The risk factors include the usual suspects, smoking and drinking alcohol, but many experts have been surprised at how being overweight or obese is so significant as a risk for cancer.
While cigarettes are the biggest culprit, causing 23 per cent of cases in men and 15.6 per cent in women, the next major risk factors are a lack of fresh fruit and vegetables in men’s diets and – for women – it is simply being overweight.
For Dr Lake this is the latest in a series of wake-up calls which suggest that urgent action is needed to prevent a public health calamity in the near future.
‘‘Here in the North-East we are not known for our low rates of obesity and healthy diets. In fact, we are known for the exact opposite, which is why this report has particular implications for our region,’’ says Dr Lake.
‘‘A lot of people think that cancer is something that you are fated to get, but in 40 per cent of cases this is due to lifestyle factors. That means there is an opportunity to control your lifestyle to reduce your risk of getting cancer,’’ she adds.
‘‘Just basic things like controlling your weight can be very significant. There are a whole range of health benefits if you take control of your weight, which also means your are taking control of your diet.’’ DOCTOR Lake says health professionals have been aware of the link between being overweight and having a higher risk of cancer for some time, but this new report made it crystal clear to the man and woman in the street.

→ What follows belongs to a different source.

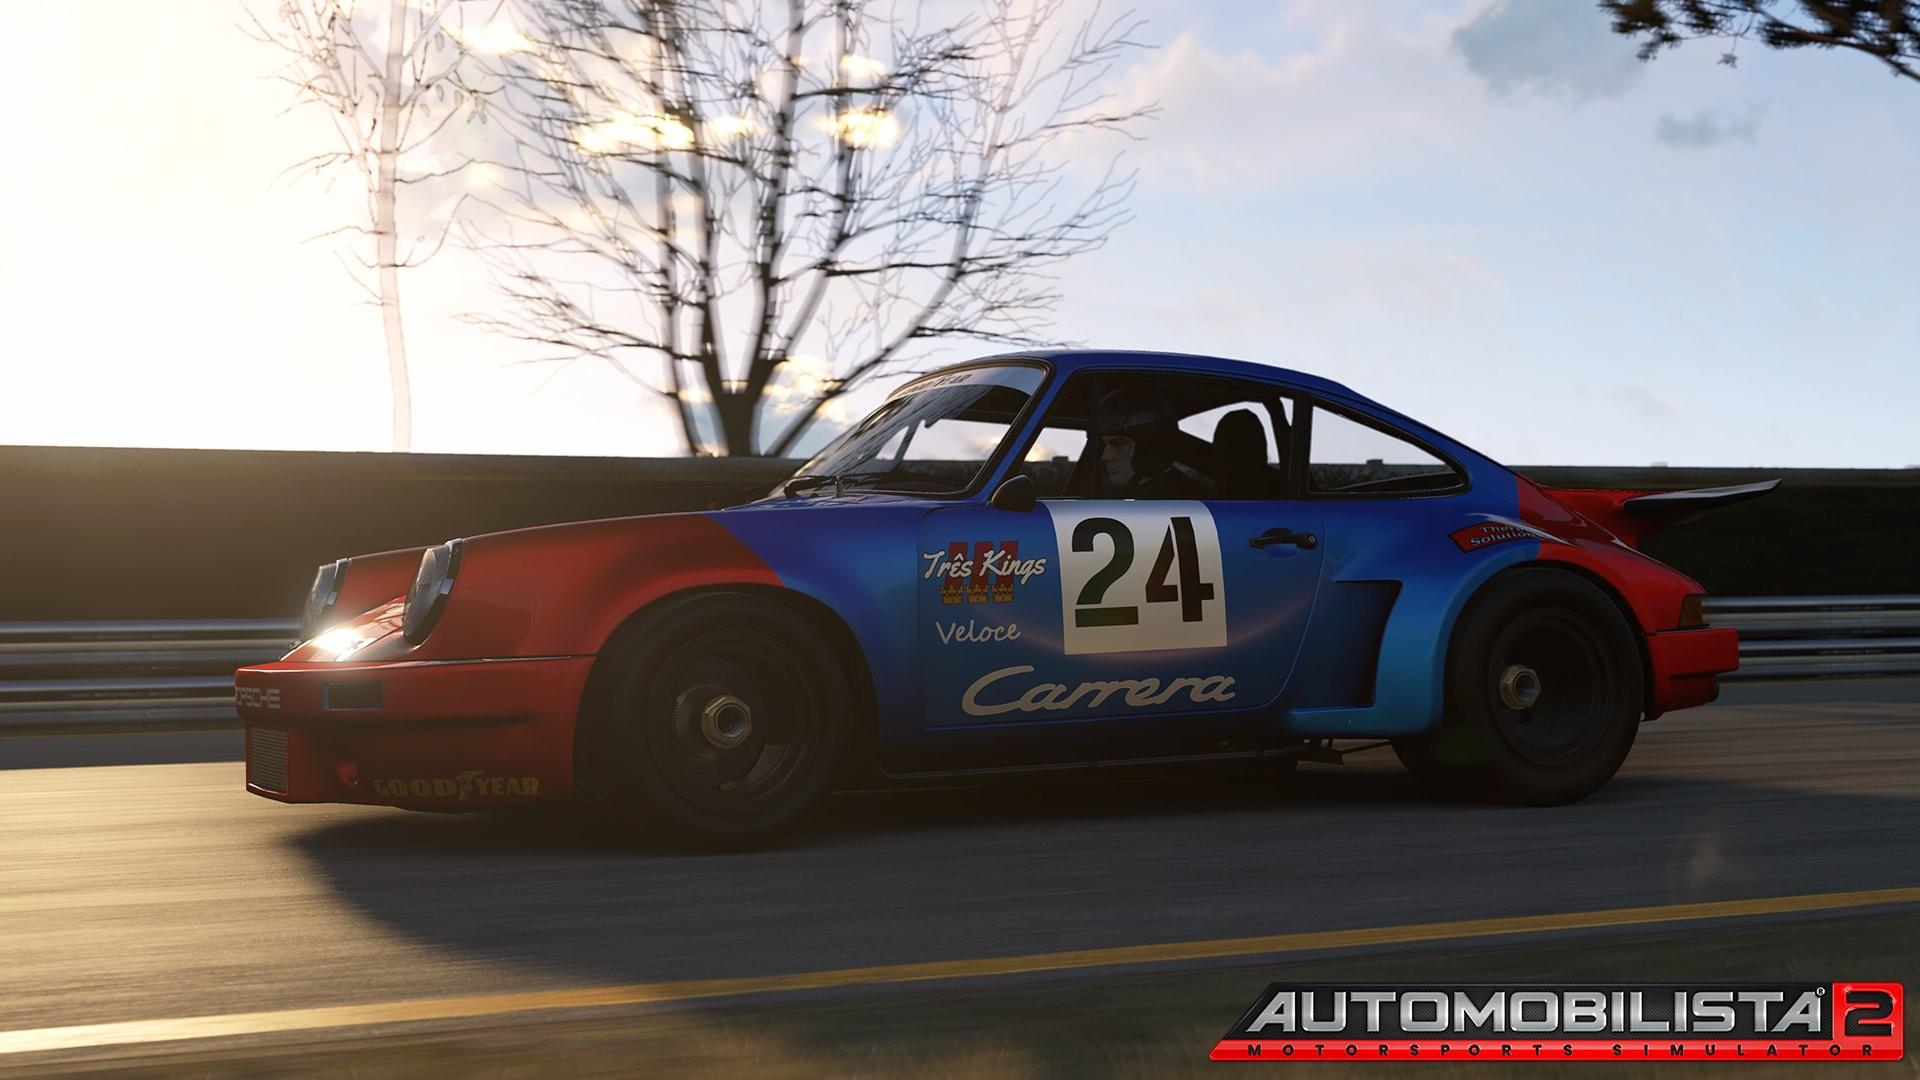 5 Automobilista 2 - Update V1.2.2.0

‘‘A lot of people do not associate being overweight with cancer but this report shows a very strong causal link, particularly for women.’’ While she hopes this might change attitudes, she fears that unless we make it easier to buy healthier food this will not have a significant effect.
‘‘I think Joe and Joanna Public live in a world where food is expensive and where trying to eat healthily is perceived as being expensive,’’ she says.

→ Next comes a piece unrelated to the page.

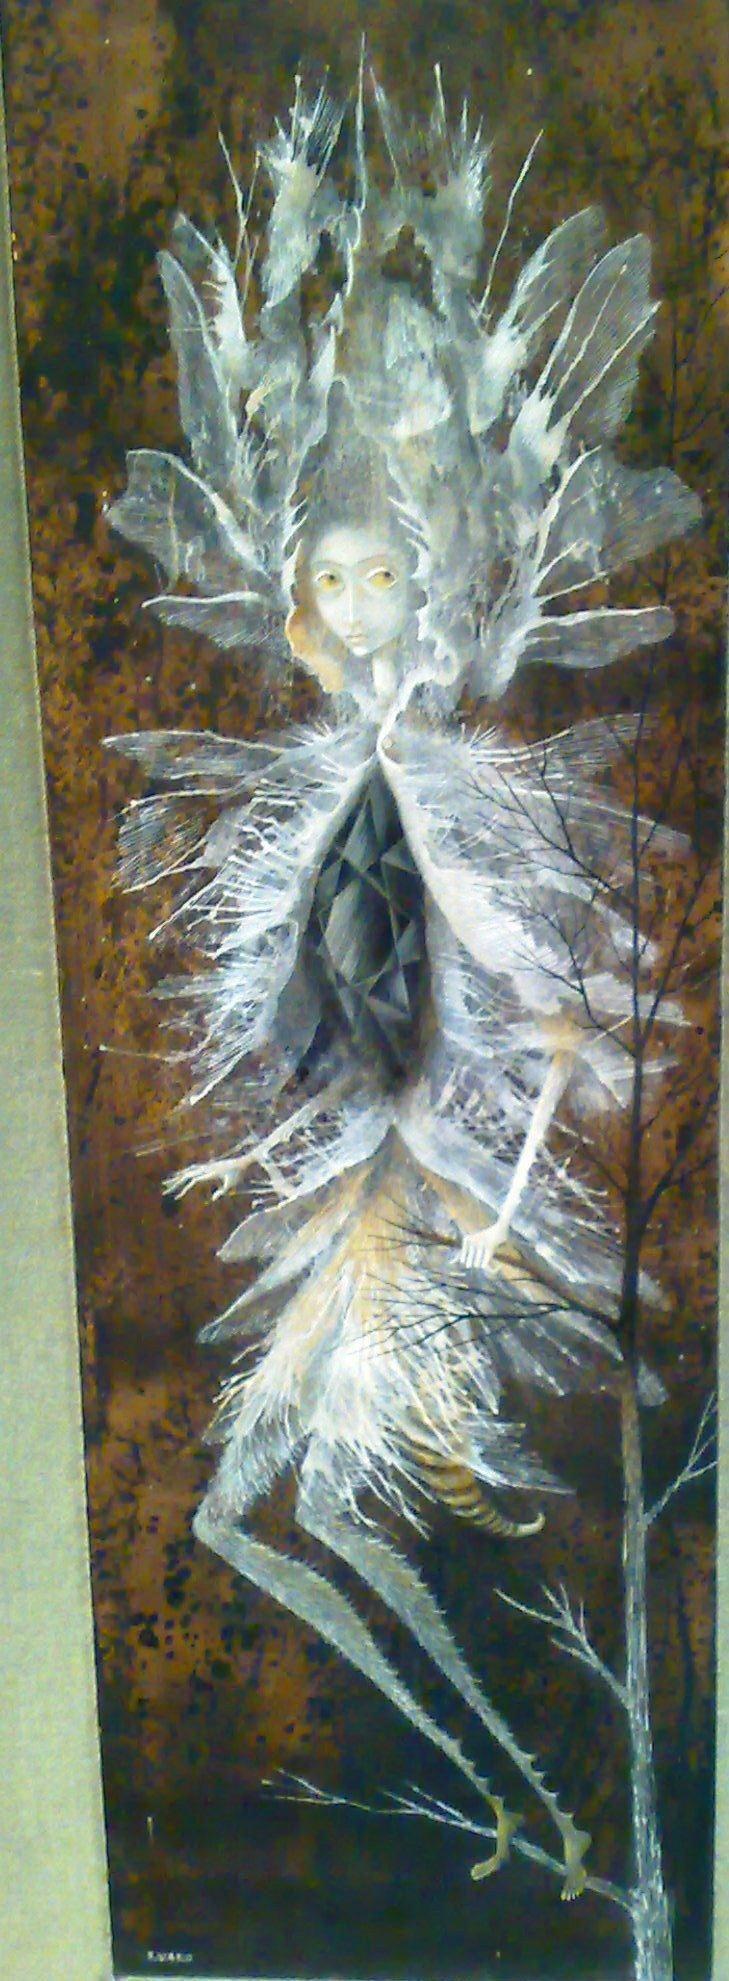 Remedios Varo: Mujer libélula.

‘‘It is very easy to get quite unhealthy food but you often have to make more of an effort to get something more healthy. So it is about making choices but within the limits of our environment.’’ Dr Lake is under no illusion about the importance of individuals making healthy choices, but feels that they could be helped by changing the environment they live in: ‘‘Individuals certainly have a responsibility to make healthy choices but society has a responsibility to make the environment a healthier place.’’ The public health lecturer is worried that, if nothing changes, the outlook in the region is potentially disastrous: ‘‘Given our high rates of child obesity in the North-East, when those children become obese adults we are looking at phenomenal rates of cancer on top of a huge burden of diabetes.’’ This will place more and more of a burden on an already hard-pressed NHS, she adds.
Dr Lake argues that the Government needs to impose greater regulation on the food industry to ensure that healthier food is promoted in the same way as less healthy food and is just as available on the high street: ‘‘Companies are doing something by reformulating some of their products to reduce salt, sugar and fat but an awful lot more could be done.’’ She says while the Government is much more interested in personal responsibility ‘‘...I would argue that a lot of the time people are not able to make healthy choices.’’ Many people buy sandwiches for lunch but how many shops make it clear exactly what goes into the sandwich. ‘‘This is another wake-up call, let’s hope somebody takes some notice,’’ she adds.